To avoid contamination and to isolate the specific sites where the virus was actively replicating, we utilized laser capture microdissection to sample these two compartments. The cryopreserved brain sections from RhDBTN, Rh802, Rh804, and Rh817 were placed on membrane slides. The meninges and the brain parenchyma were then isolated using a laser (Fig. 3). Laser capture microdissection is widely used in the study of HIV-1, including studies of HIVE. However, most of these studies amplify relatively small fragments (<500 nucleotides [nt]) of viral DNA (30–33). To obtain viral sequences that were representative of actively expressed virus, we chose to amplify the entire envelope sequence from viral RNA. This strategy made it necessary to used unfixed tissues in order to preserve RNA for subsequent PCR amplification. The viral RNAs from these two compartments were extracted, and the whole envelope sequences were successfully amplified by RT-PCR. For comparative purposes, the whole envelope sequence was also amplified in parallel from plasma and CSF samples collected at the time of necropsy and from the original inocula (see Table 2 for numbers of clones). The minute sample sizes of laser-captured samples precluded the use of limiting dilution PCR. However, recombination, which can be a problem in bulk PCR such as that used in this study, was not detected by analysis with the LANL HIV Database Highlighter tool (http://www.hiv.lanl.gov/content/sequence/HIGHLIGHT/highlighter_top.html) (data not shown).
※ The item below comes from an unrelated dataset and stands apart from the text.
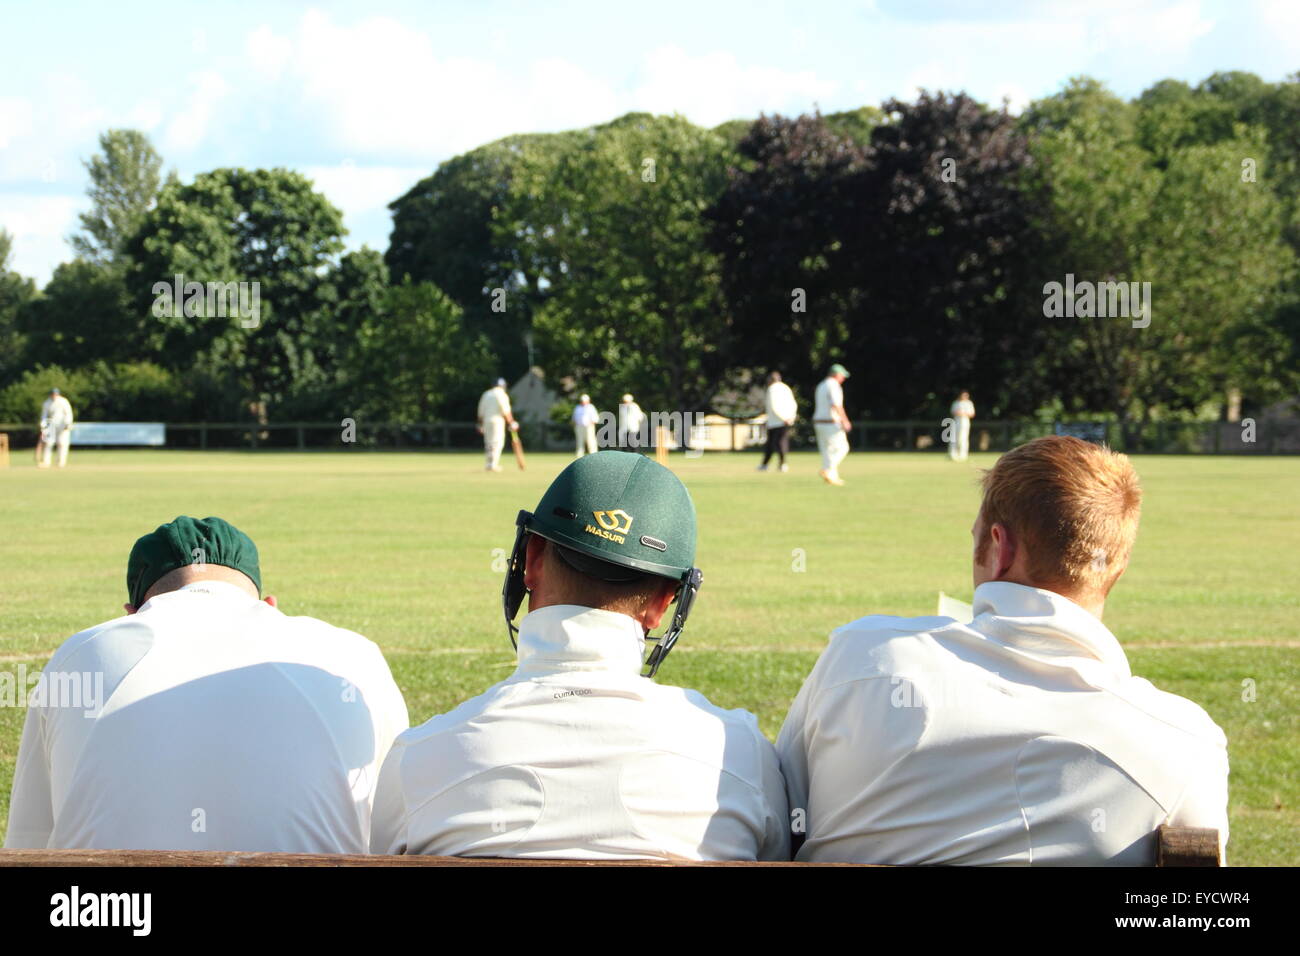 Cricketers Uhr ein Wentworth Cricket Club Match im Wentworth Village in der Nähe von Roterham, Yorkshire, England UK - Sommer 2015 Stockfoto

Of the 299 envelope sequences, the majority (78%) encoded intact open reading frames. The majority of nonsynonymous substitutions were observed within the V1/V2 region, with a scattering of changes in other variable regions. There was no consistent loss or gain of potential N-linked glycosylation sites (PNGs) specific to any particular compartment. Phylogenetic trees were generated with envelope sequences derived from each animal.
Fig 3.
Schematic images of laser capture microdissection sections. (A) Images of hematoxylin- and eosin-stained, unstained, and KK45-stained serial sections of the RhH804 brain, from left to right. (B) Sequential images of meninges (upper panels, from left to right) and the brain parenchyma (lower panels, from left to right) captured during the microdissection procedure.
Table 2.
Summary of envelope clones and prevalence of premature stop codons
Animal or virus | Tissue or fluid | Total no. of clones | No. of clones with premature stop codon | No. of clones with gp41 truncations |
---|---|---|---|---|
SIVsm783Br inoculum | 12 | 0 | 0 | |
RhDBTN | Plasma | 20 | 9 | 0 |
CSF | 15 | 3 | 0 | |
Parenchyma | 9 | 0 | 0 | |
Meninges | 11 | 0 | 0 | |
Rh802 | Plasma | 10 | 1 | 0 |
CSF | 10 | 0 | 0 | |
Parenchyma | 25 | 0 | 0 | |
Meninges | 19 | 1 | 0 | |
Rh804 | Plasma | 11 | 0 | 0 |
CSF | 12 | 2 | 4 | |
Parenchyma | 15 | 1 | 0 | |
PVL-A | 20 | 6 | 0 | |
PVL-B | 15 | 2 | 0 | |
Meninges | 33 | 17 | 9 | |
SIVsmH804E inoculum | 10 | 1 | 1 | |
Rh817 | Plasma | 10 | 0 | 0 |
CSF | 9 | 5 | 0 | |
Parenchyma | 11 | 3 | 0 | |
Meninges | 10 | 0 | 0 |
Evaluation of compartmentalization in rapid-progressor macaques.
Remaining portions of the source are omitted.